+++ Dataset section +++

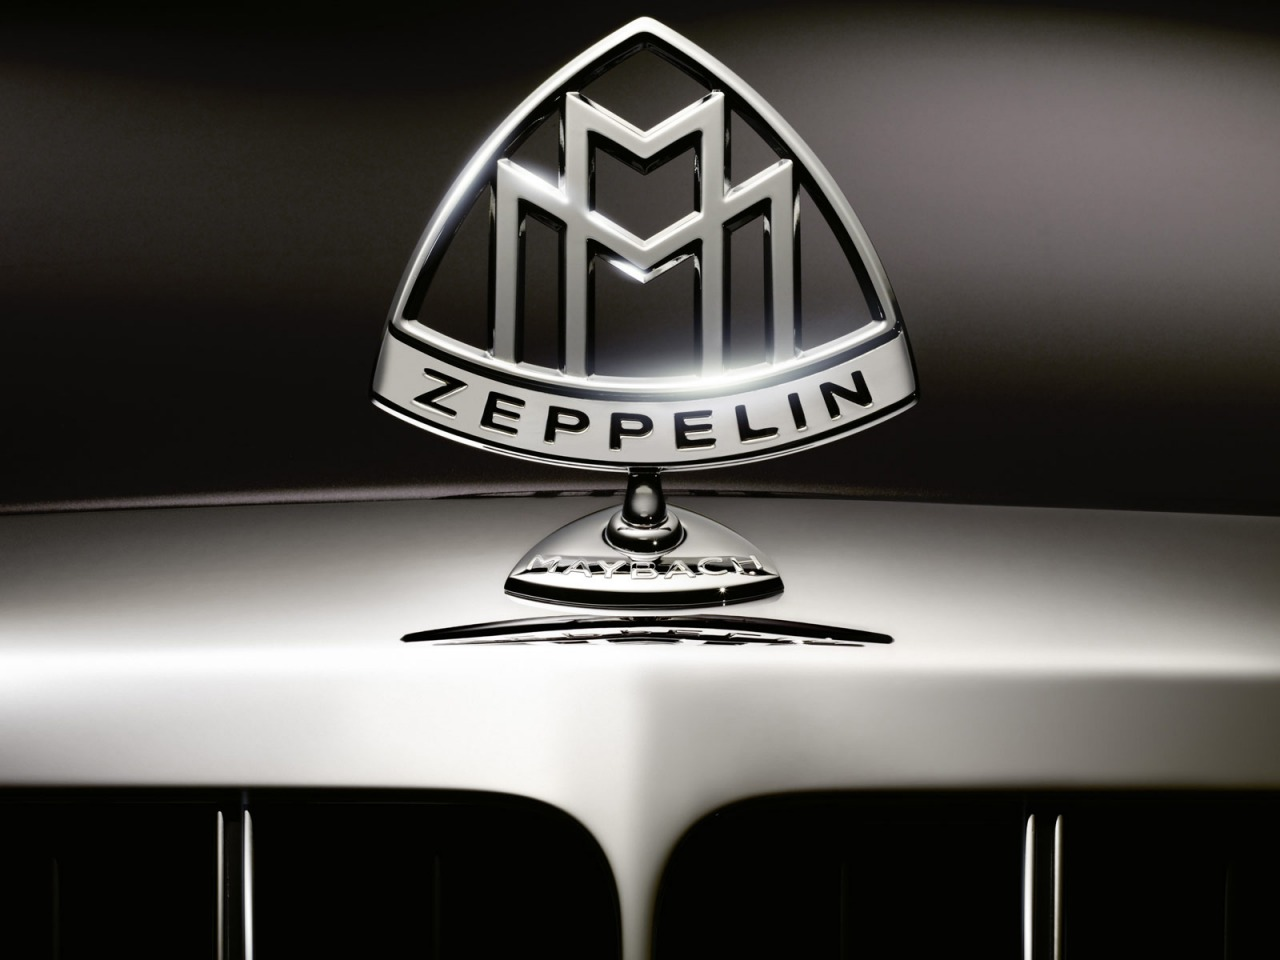 Maybach zeppelin logo wallpaper maybach cars wallpapers in - Car logo wallpapers ...
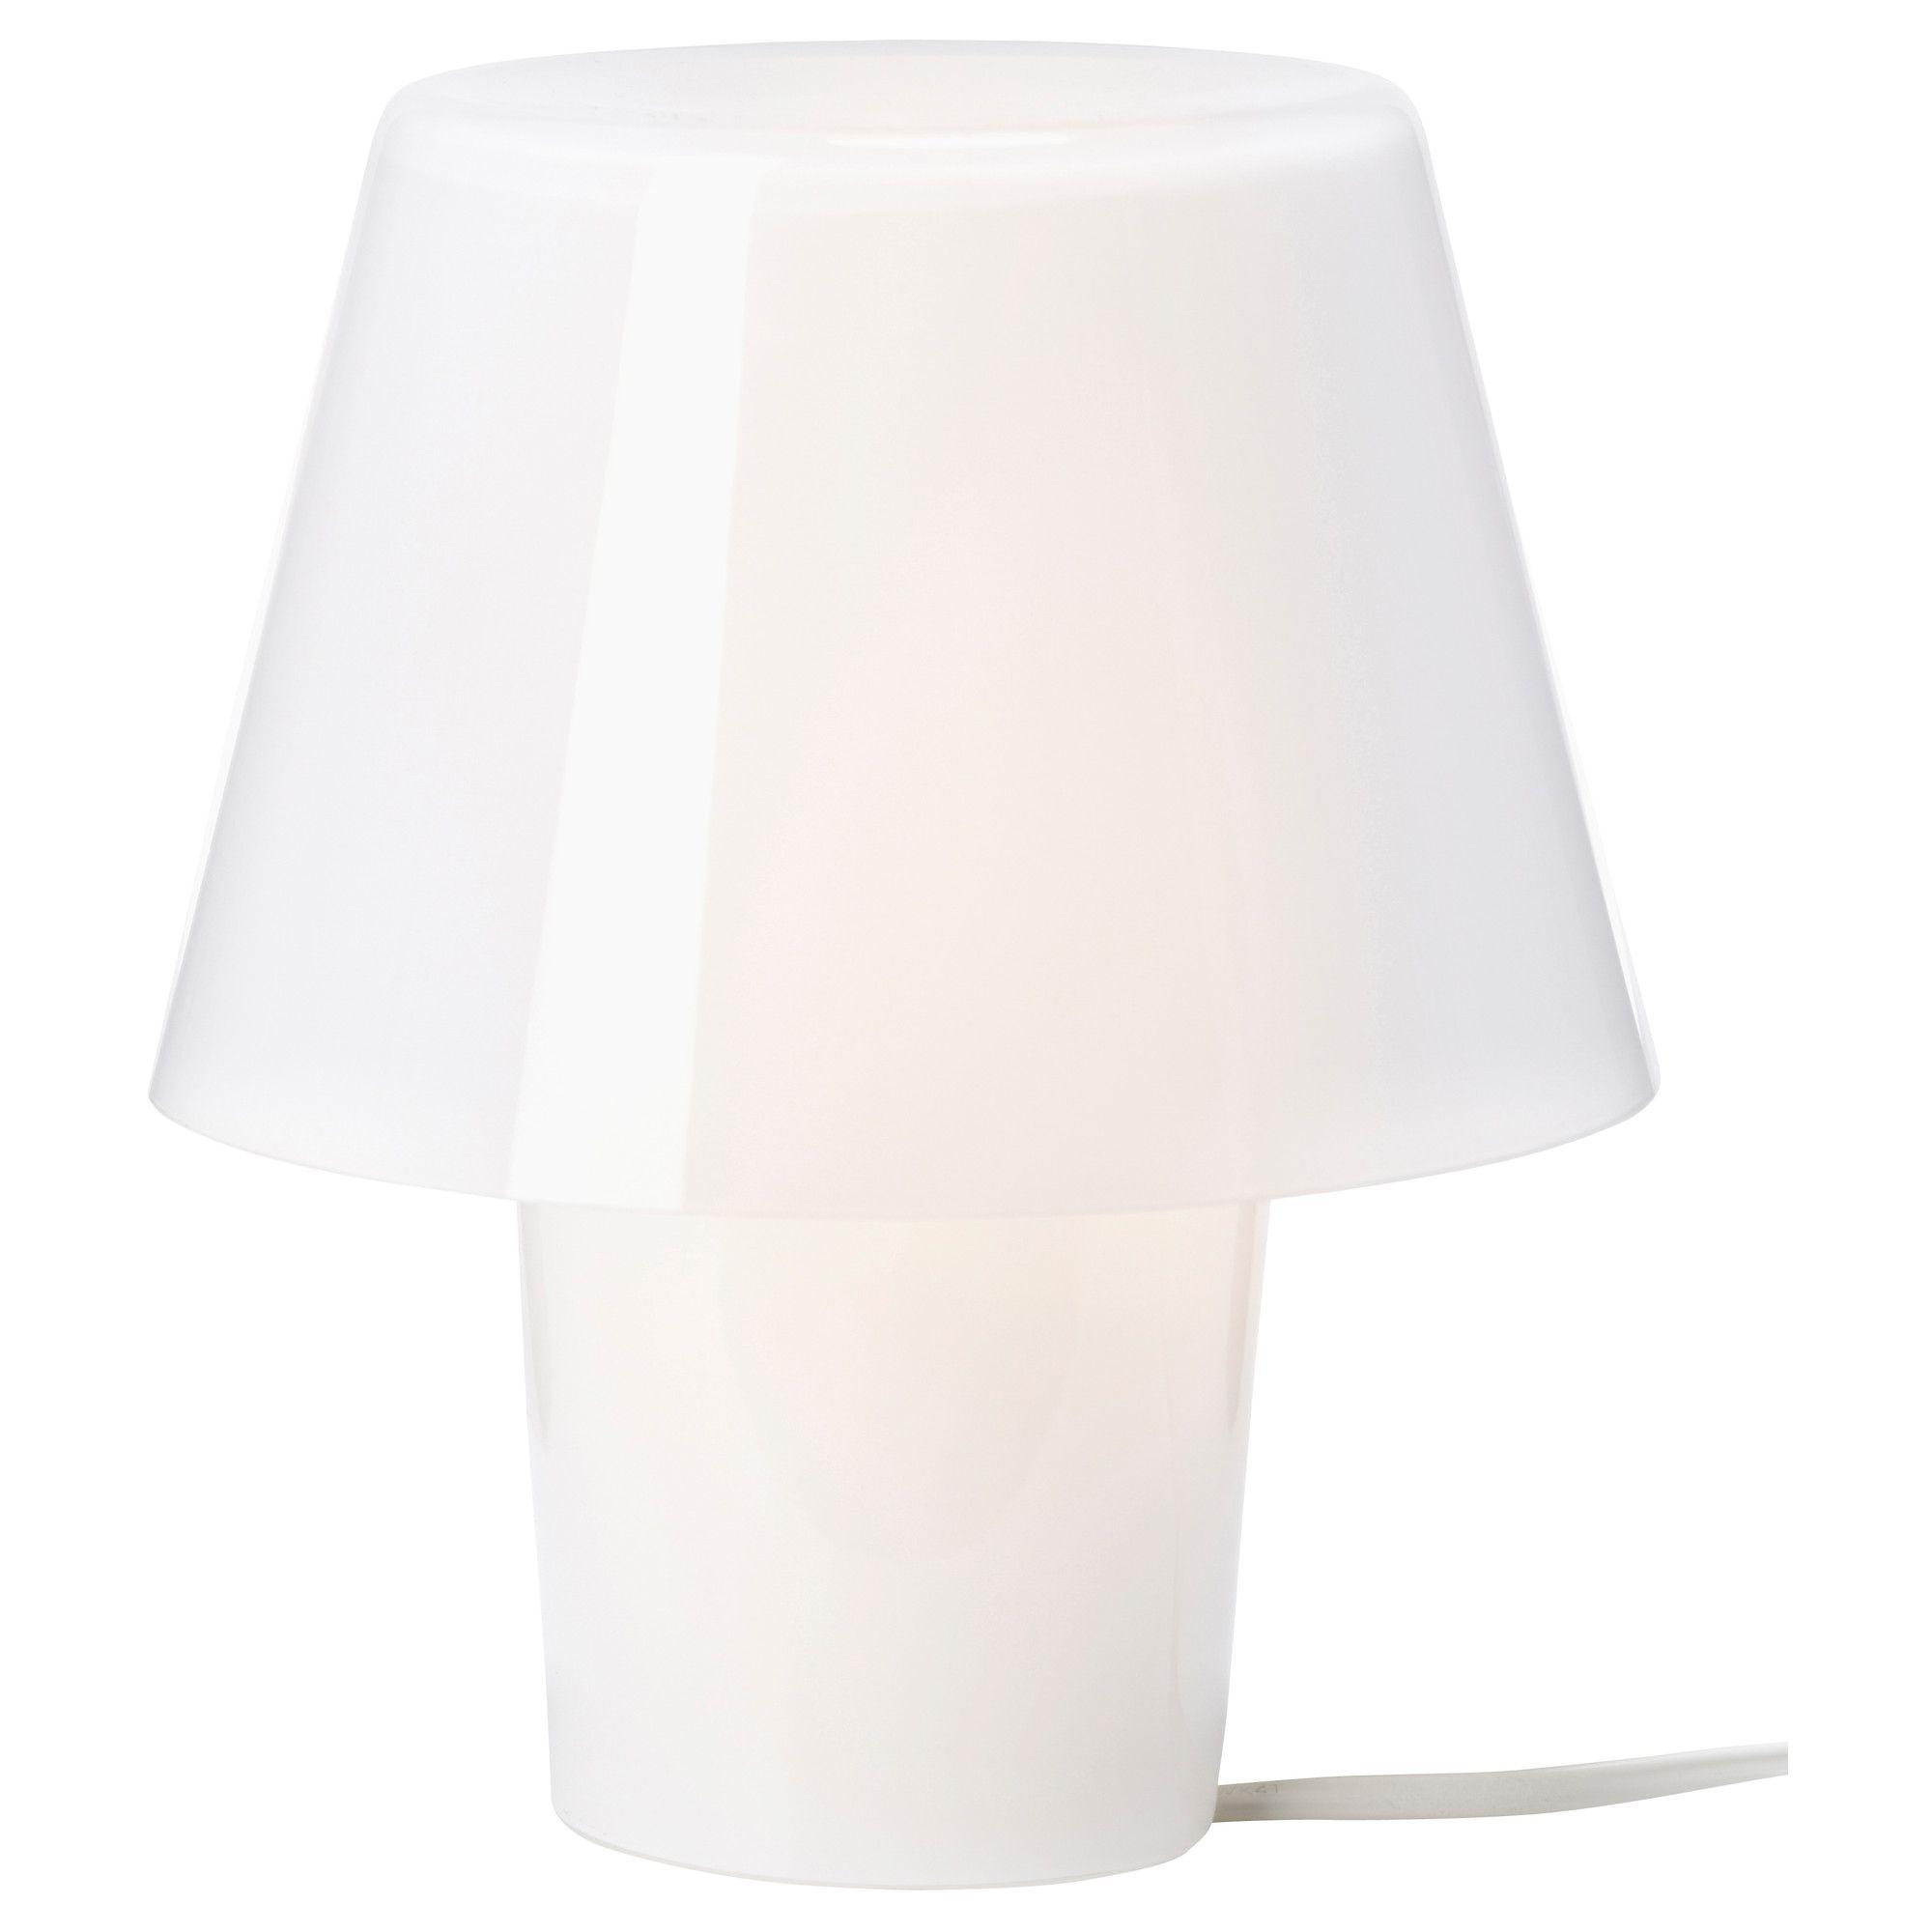 Lampe De Chevet Ikea Led Creapach
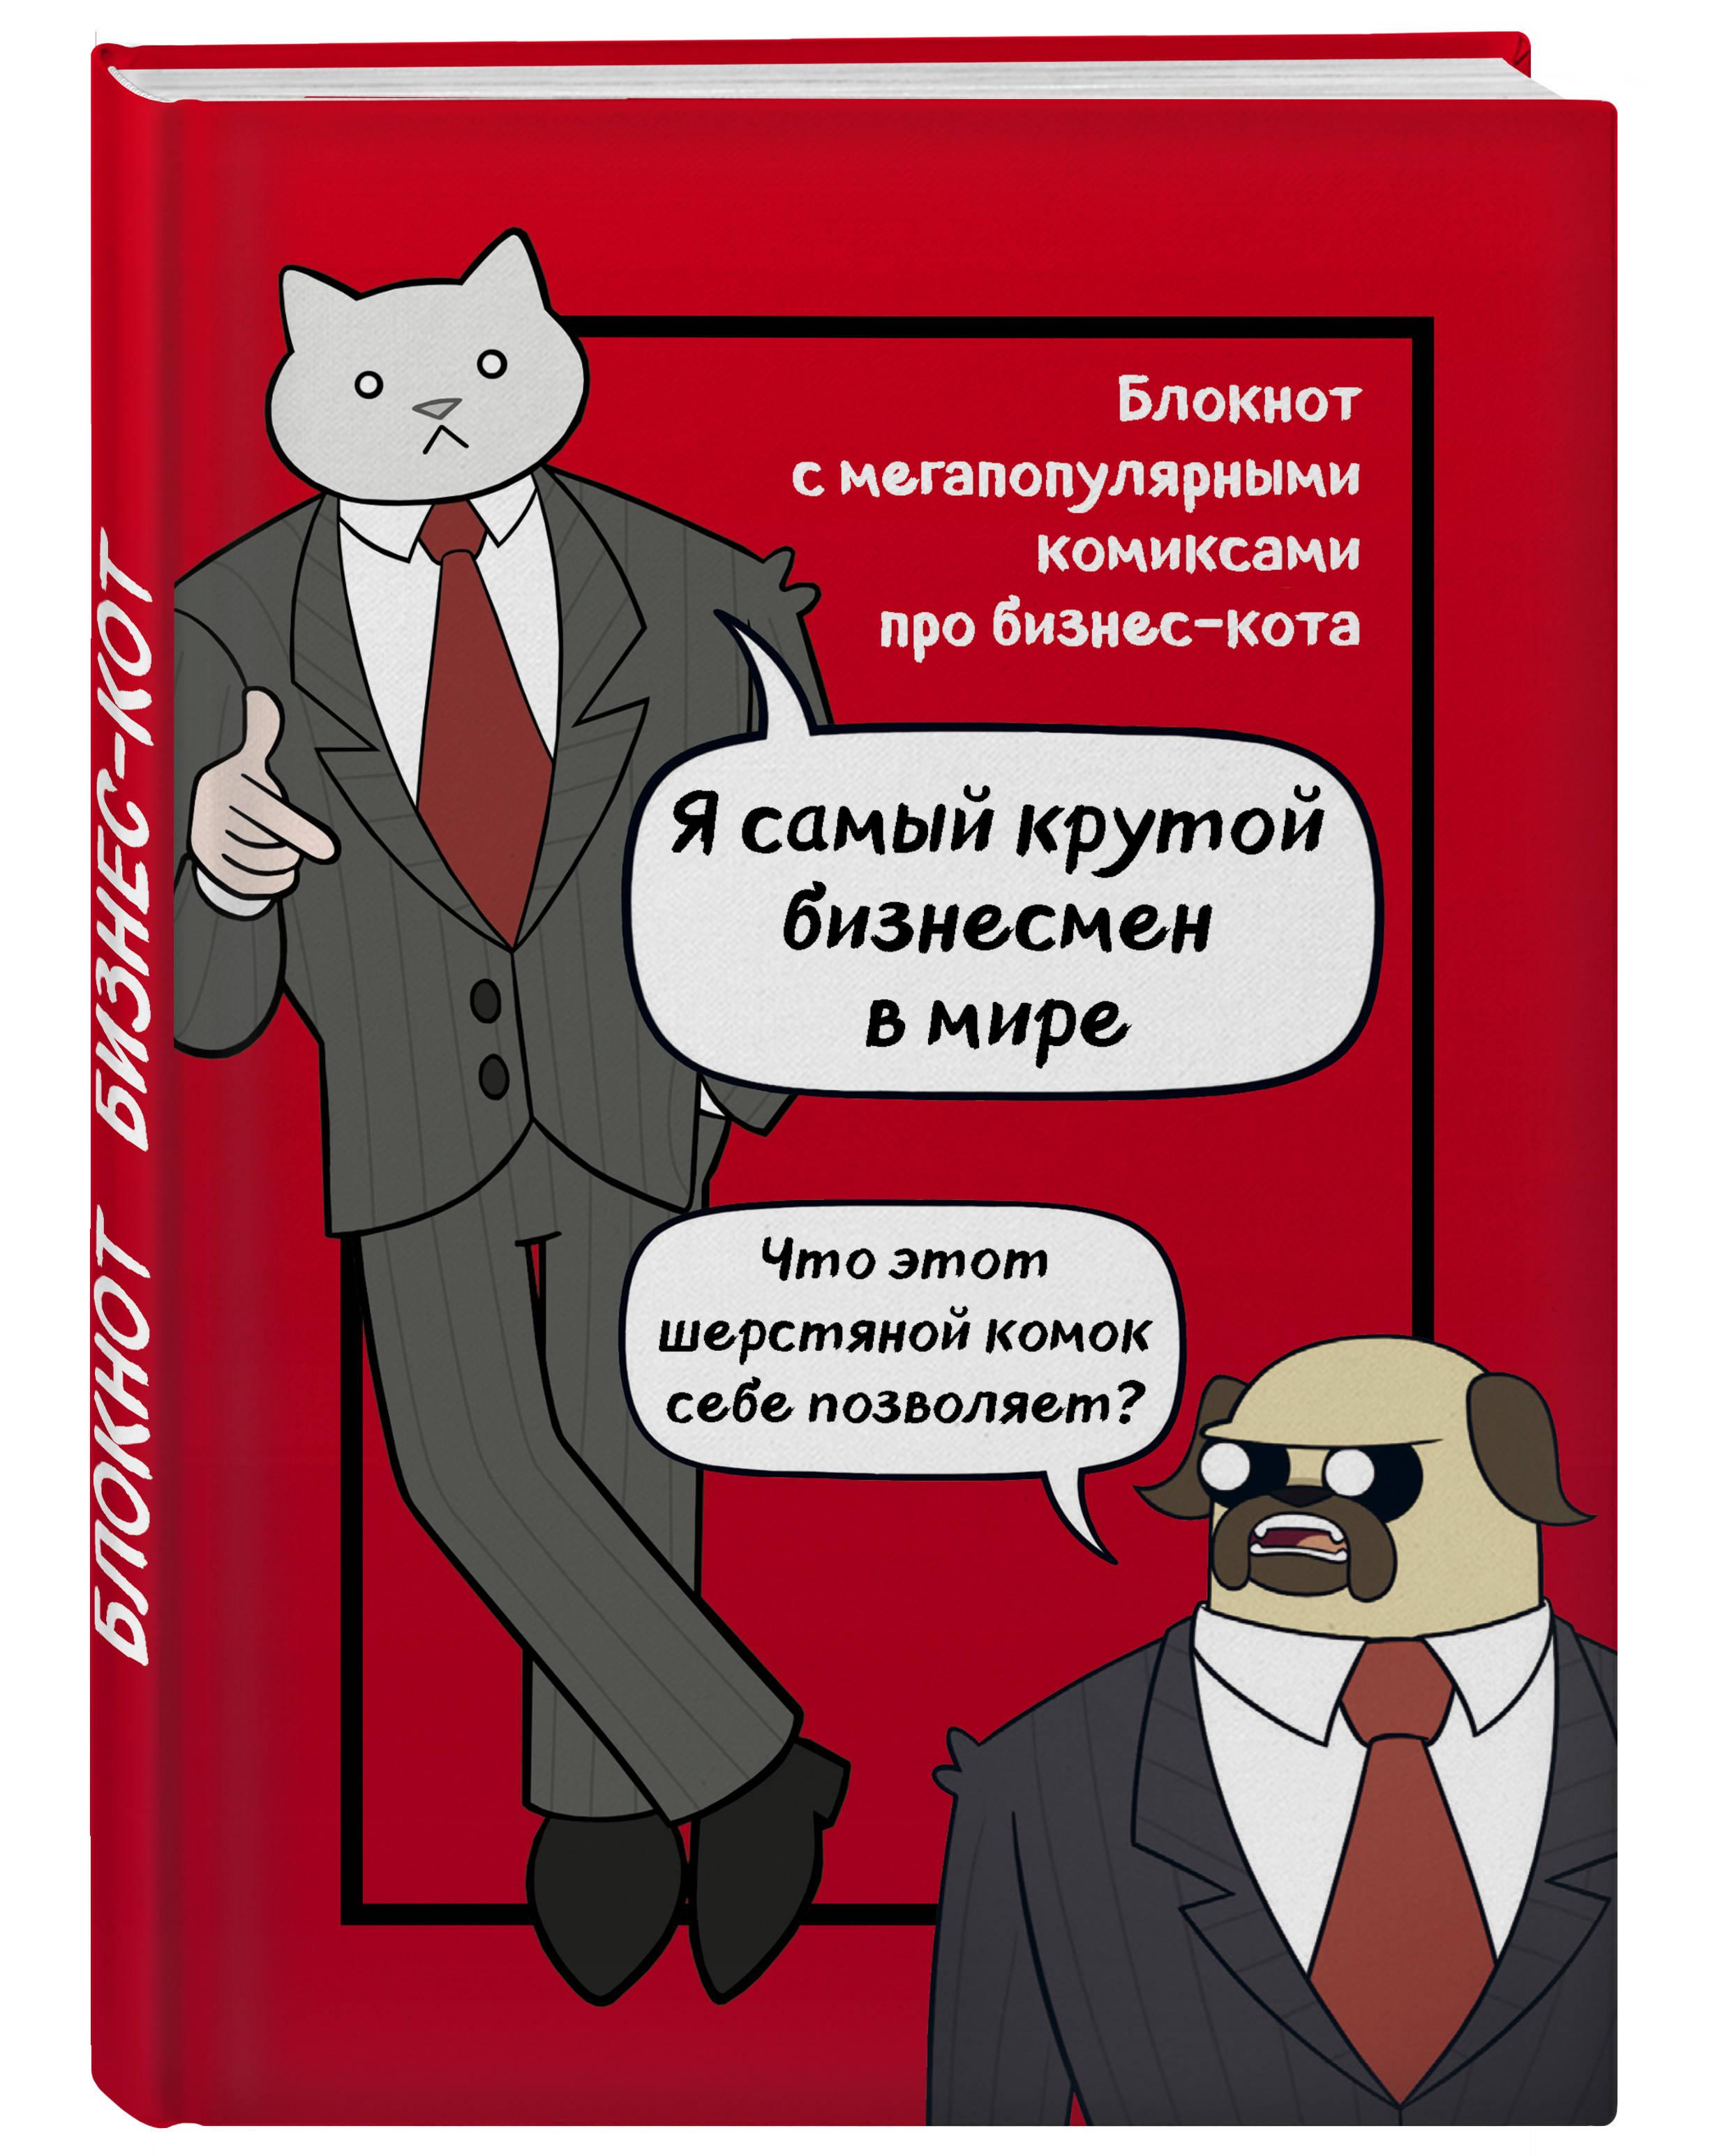 Бизнес-кот. Блокнот с комиксами deli гастроном 3186 бизнес офис кожа блокнот конференц зал notebook 25k 160 е браун

+++

## [Task description]
Transcribe the preceding listing in its entirety and with exact wording, leaving out pictures.

## [Task solution]
 Maybach zeppelin logo wallpaper maybach cars wallpapers in - Car logo wallpapers ...
 Lampe De Chevet Ikea Led Creapach
 Бизнес-кот. Блокнот с комиксами deli гастроном 3186 бизнес офис кожа блокнот конференц зал notebook 25k 160 е браун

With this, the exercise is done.